I don’t know what my record is, but it was more than 300, though that was as part of a long-lived refactoring branch that I was needing to rebase every week or two for six months as I continued working on it, migrating from an in-house concatenation-and-#ifdef module builder to ECMAScript Modules, and I was maintaining the dozens of commits meticulously, some regenerated automatically and some requiring manual effort, and so I was detailing the semantics of the changes across a large number of files, so it might not count quite so much. But I’ve done over a hundred a few times for other reasons. Keep your mind open, and look at the longest commit messages in popular repositories, and you’ll find there’s a lot of scope for very long commit messages.
—⁂—
I loathe Conventional Commits. It saps the art out of the commit message, the tags are frequently badly applicable, the benefits are negligible to negative (changelogs shouldn’t be generated from commit logs—they should be their own thing), and they’re simply ugly.
nit: the author proposes "short descriptions" like "fix null pointer exception in payment module" and "refactor data processing pipeline", however "fix" and "refactor" are already in the "type" part of the commit message. Possibly, "payment module" and "data processing pipeline" can (should?) be extracted from the "scope" element. The characters left over after the type and scope can be used smarter.

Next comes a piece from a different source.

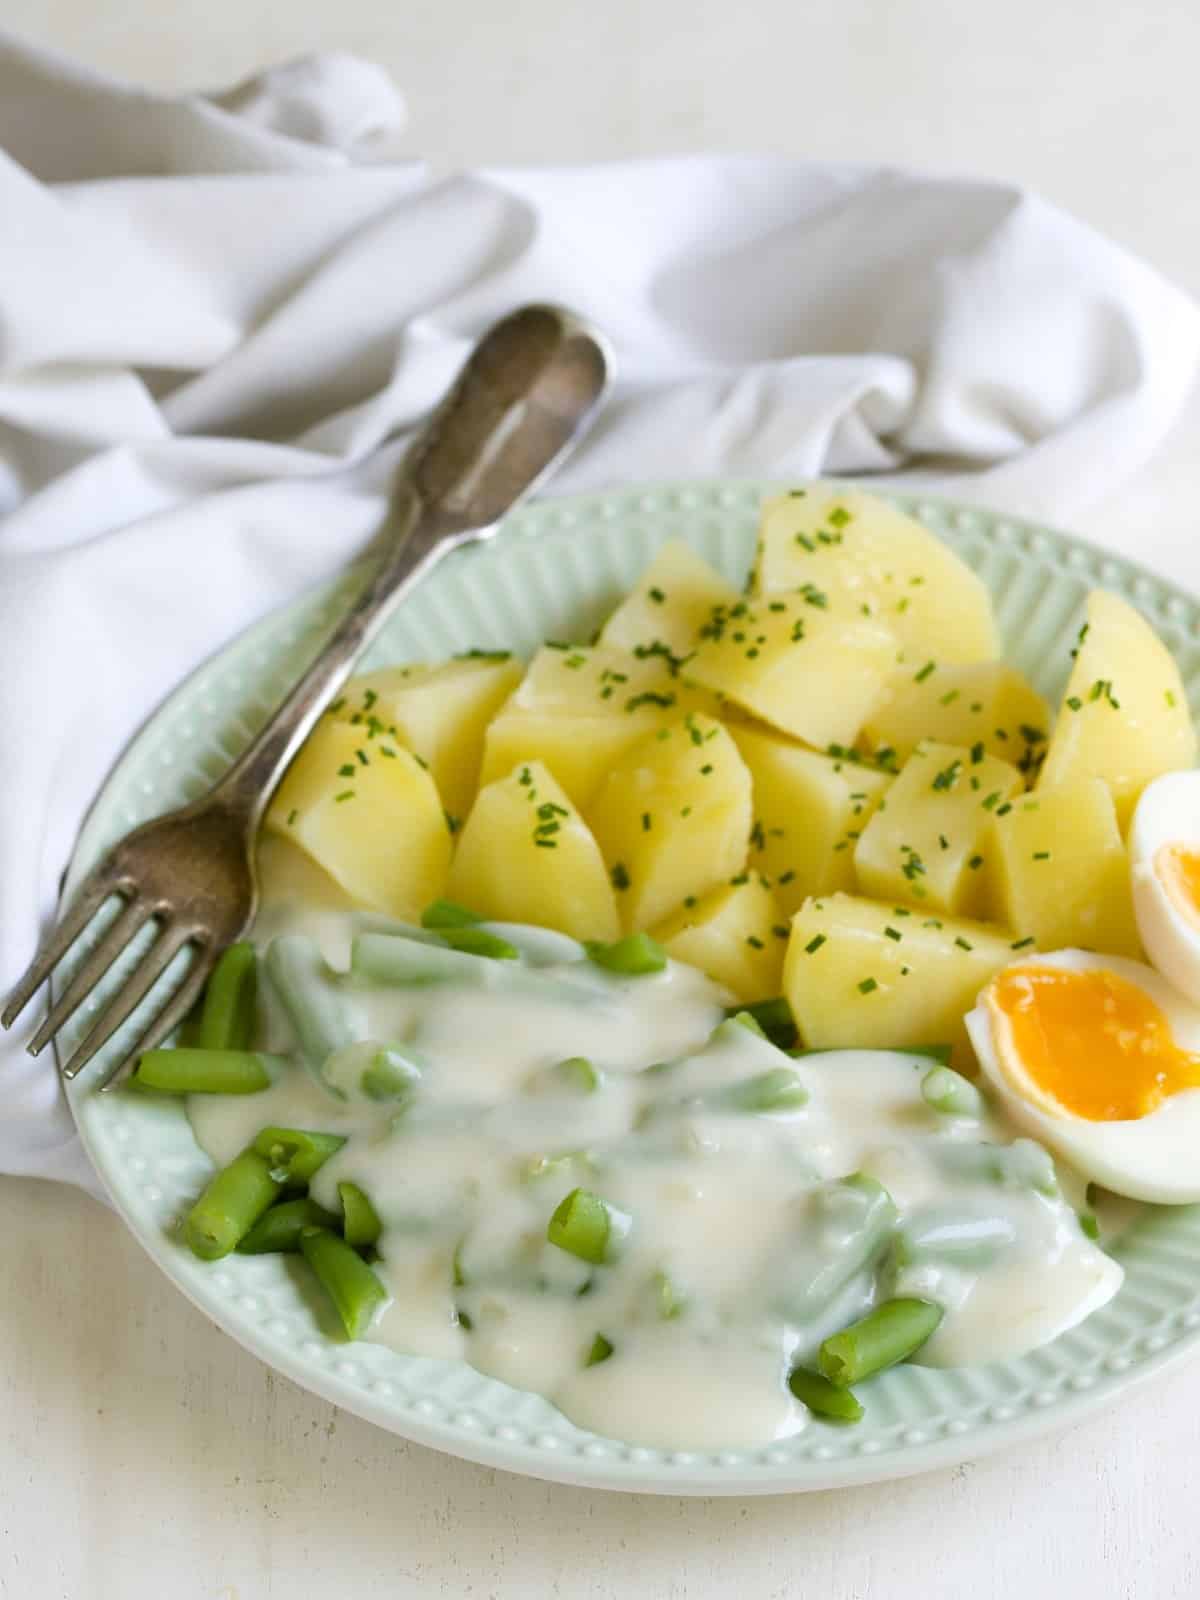 Green beans with white sauce served with boiled potatoes and hard-boiled egg.

If you can’t figure it out based on the git blame and git diff, the code is incredibly unreadable. A comment in the code, or simply writing better readable code seems like a better investment.
Besides, a few passes refactoring and your git history is ruined. No way you’ll find the original commit within any reasonable time frame.
If I move the code to another function, your original commit message will be hard to trace. If the code was commented, the comment would have been moved along. If the code was readable, you don’t need the comment or the commit message.
I can only speak from my own experiences, but I have found commit messages extremely helpful, when they explain the "why" of the change. And as unfortunate as it is, many of us also have to work with unreadable codebases.
It's useful in case like if you ever need to fill out a PR template with what you did or list the changes, it becomes so much easier. You don’t even have to remember exactly what was changed it’s all right there in the commit message.
With structured comments, you can even use the AI to fill out the PR template easily and precisely.